It’s funny, isn’t it, how average is somehow a bad word?
You wouldn’t consider it a compliment if someone called a project you worked on or a meal you made average. You certainly wouldn’t take it very kindly to have our work called average, or our lives, and God help you if you dared to say that to a parent about their kids. Why be average when you can be special, right?
But, as Dash says to his mum in The Incredibles, if everyone is special, then no one is.
The Incredible reality
He’s only just short of wrong. Not in what he says—that much is entirely right. The word, “average,” after all, is simply how we describe the typical range of a dataset. To call something is average is to imply it’s more or less representative of a group. An average job is what most people would do, an average person is basically most people—whatever “most people” means at any place or time.
No, Dash isn’t wrong in what he says. What he’s wrong in is what he doesn’t say, but is definitely implying. The quiet part, as that sort of thing is sometimes described. And the quiet part here is that being special is the point, the ideal. He doesn’t want to be just like everyone else. Because if special is the goal, then to be average is to be a failure.
But the reality is, if average is most people, then obviously most people will be, well, average. To put it differently (and if you’ll pardon the tautology):
Most people are like most people.
From average to average
Sure, the average will change—the realities of the average person today are very different from what they were 50, 500, 5000 years ago. But at any given time, including now, most people will be average, for no other reason than that’s how averages work.
Most people will live average lives, and have average jobs in average careers. Those who get married will mostly have average marriages with average children, who will probably go on to live no-less-average lives.
If that sounds depressing, that indicates an underlying problem: that you see being like “most people” as bad.
Of course, it’s perfectly fine to want more than average.
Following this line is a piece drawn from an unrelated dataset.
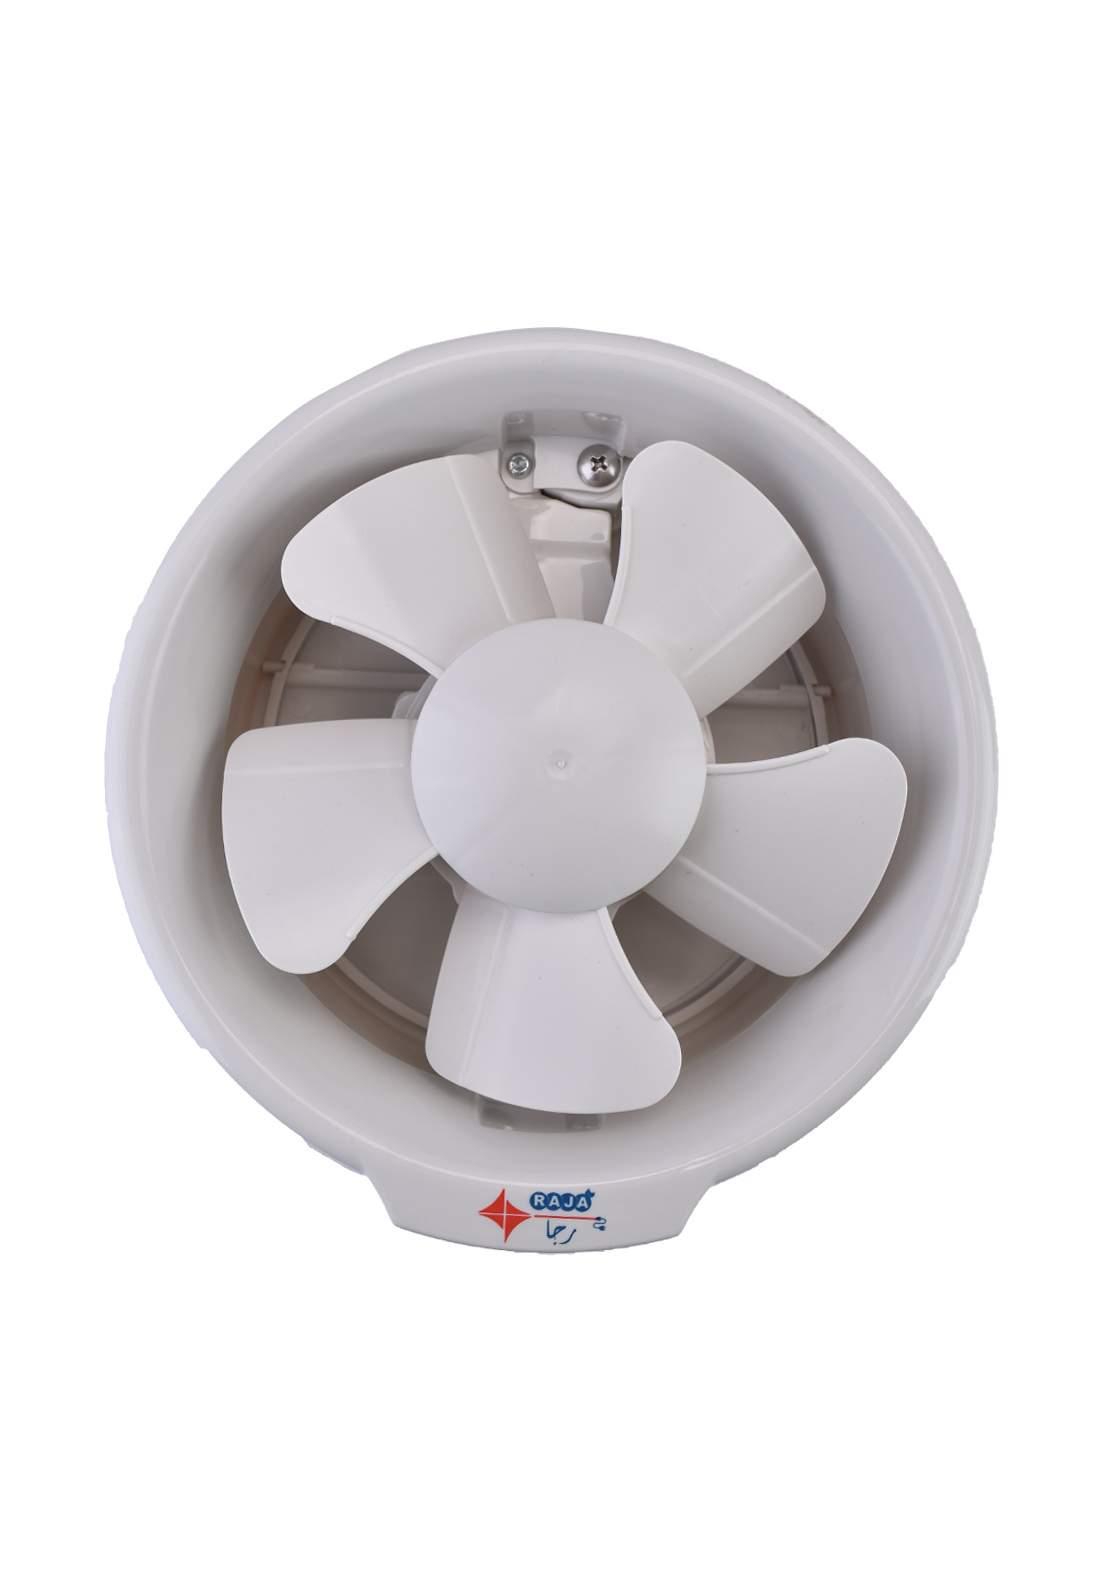 Raja VF-PC6GS Ventilating Fans 15 cm مفرغة هواء

You want more in your life, and so do I. And we should. So, no, I’m not knocking that at all. I am knocking our expectations, though. I’m knocking the tendency to see average as bad, and being average as having failed. Because that expectation sets most of us up for failure and unhappiness for one simple reason.
It’s a moving goalpost.
Wanting to be more than everyone else means that we make a subtle shift with profound consequences: we shift from focusing on what we want to focus on what others have in relation to ourselves. And the implication of that is we will feel unhappy with whatever we end up with as long as someone out there seems better off. And in today’s social media age, it’s easier than ever before to find “someone out there” who does, in fact, seem better off.
That reminds me of a story from the gospels.1
Generosity envy
It’s about workers hired early in the morning at what was then considered a standard wage. More workers were then hired at various times throughout the day, until about an hour to close of business. When the last to be hired were given a full day’s pay at the end of the day, the first set thought that meant they’d be getting more. They got upset when they realised they’d only be getting the same as everyone.
It’s a story I didn’t understand for the longest time because I sided with the workers: it really did feel unfair that they got the same as those who came earlier. It took me a while to see what the story was really getting at. Here’s the thing: the workers were happy with the agreed wage, and remained happy with it as they worked throughout the day. What got them upset wasn’t the wage itself, but their envy of the ones who worked only an hour getting the same thing. But rather than admit the envy for what it was, the narrative they were telling themselves was that they were being cheated by the landowner.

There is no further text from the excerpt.